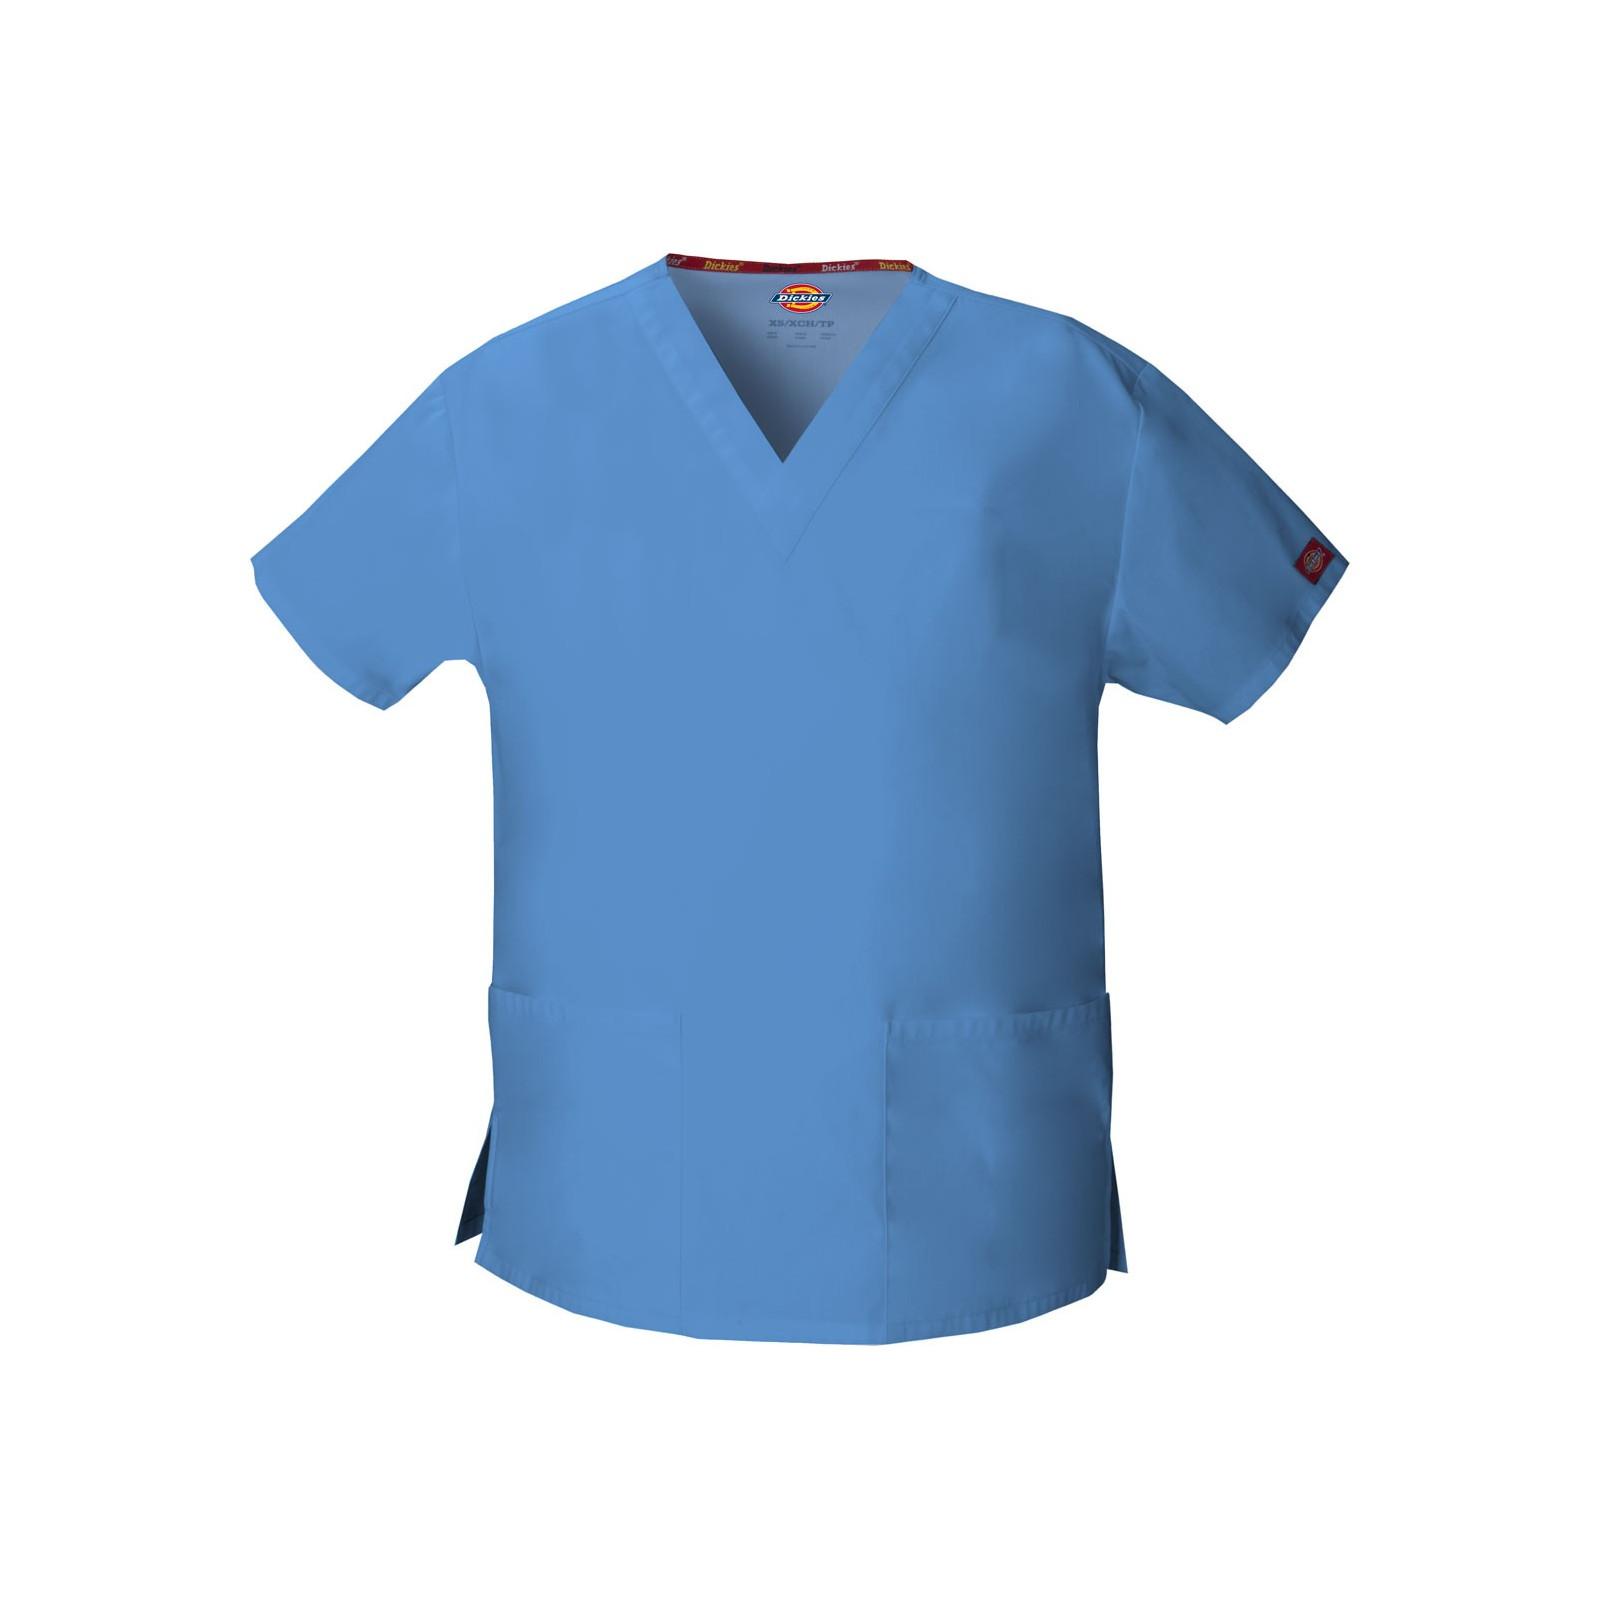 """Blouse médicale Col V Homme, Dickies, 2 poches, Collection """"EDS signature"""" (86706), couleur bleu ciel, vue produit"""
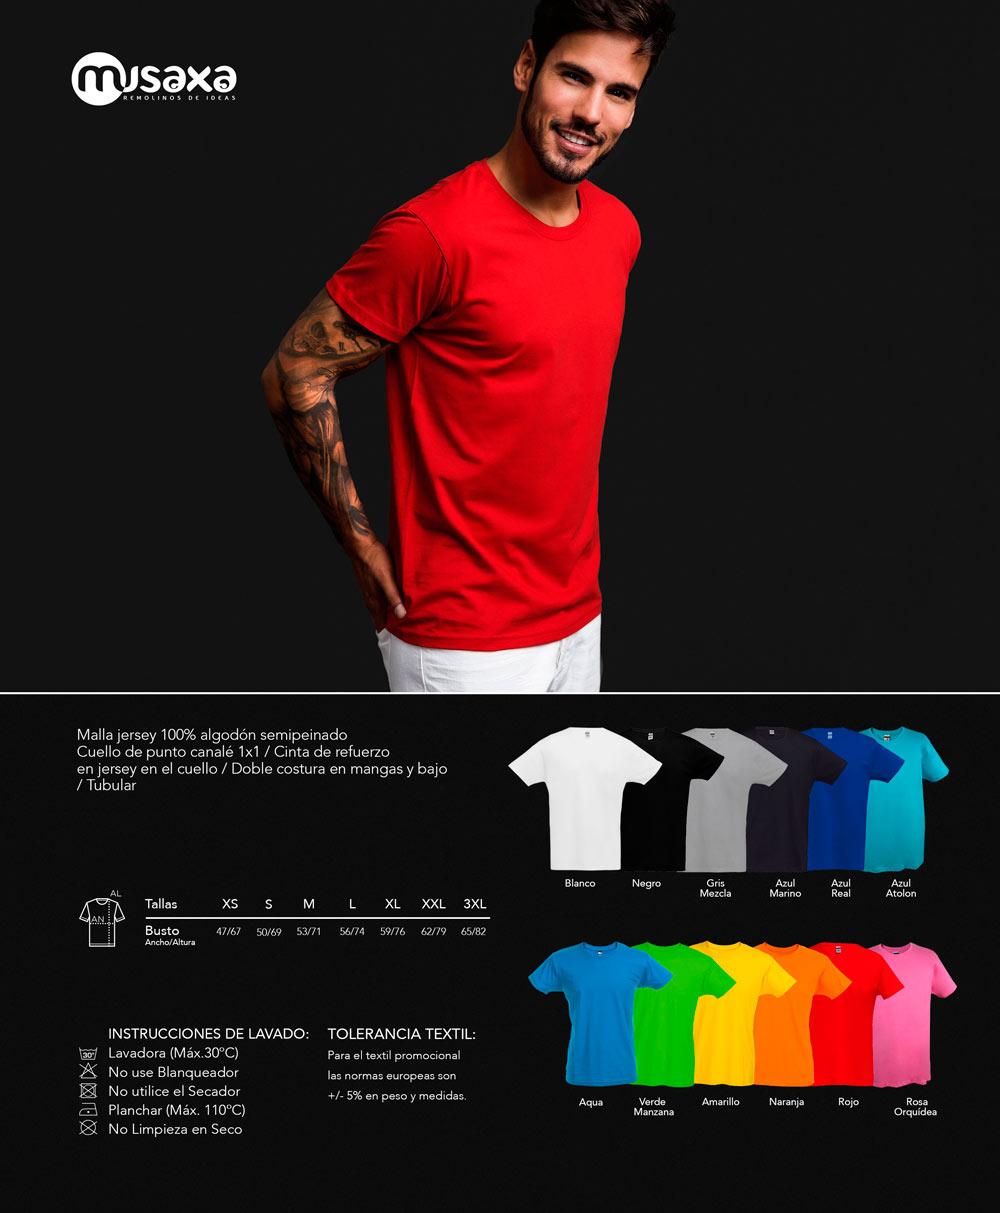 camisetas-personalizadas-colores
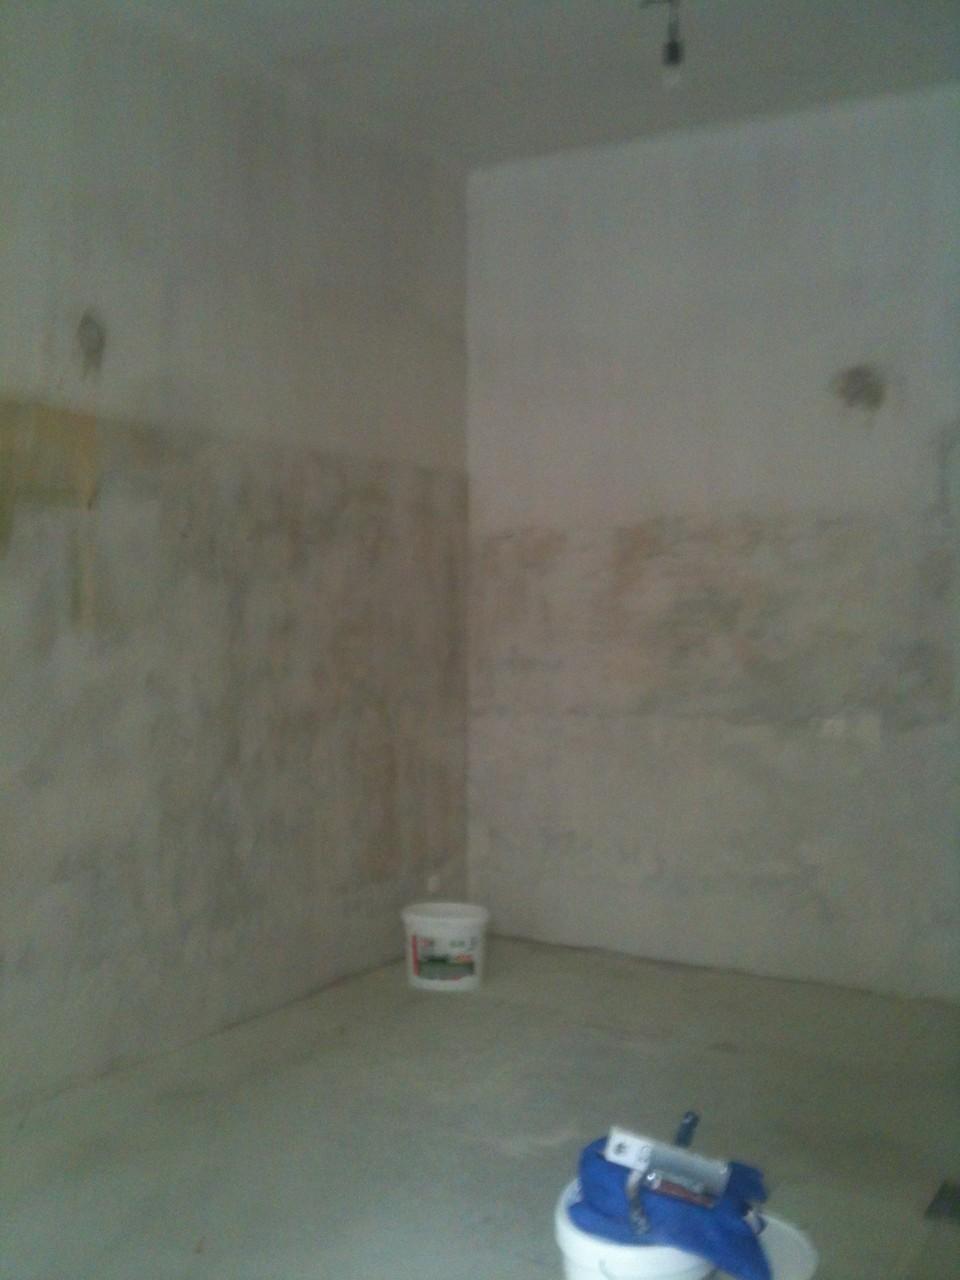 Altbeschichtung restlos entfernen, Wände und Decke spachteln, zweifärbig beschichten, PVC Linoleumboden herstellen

^^^^

* _EXERCISE BRIEF_
From the listing, extract all text exactly as given and drop any picture.

* _ANSWER FOR THIS EXERCISE_
 """Blouse médicale Col V Homme, Dickies, 2 poches, Collection """"EDS signature"""" (86706), couleur bleu ciel, vue produit"""
 camisetas-personalizadas-colores
 Altbeschichtung restlos entfernen, Wände und Decke spachteln, zweifärbig beschichten, PVC Linoleumboden herstellen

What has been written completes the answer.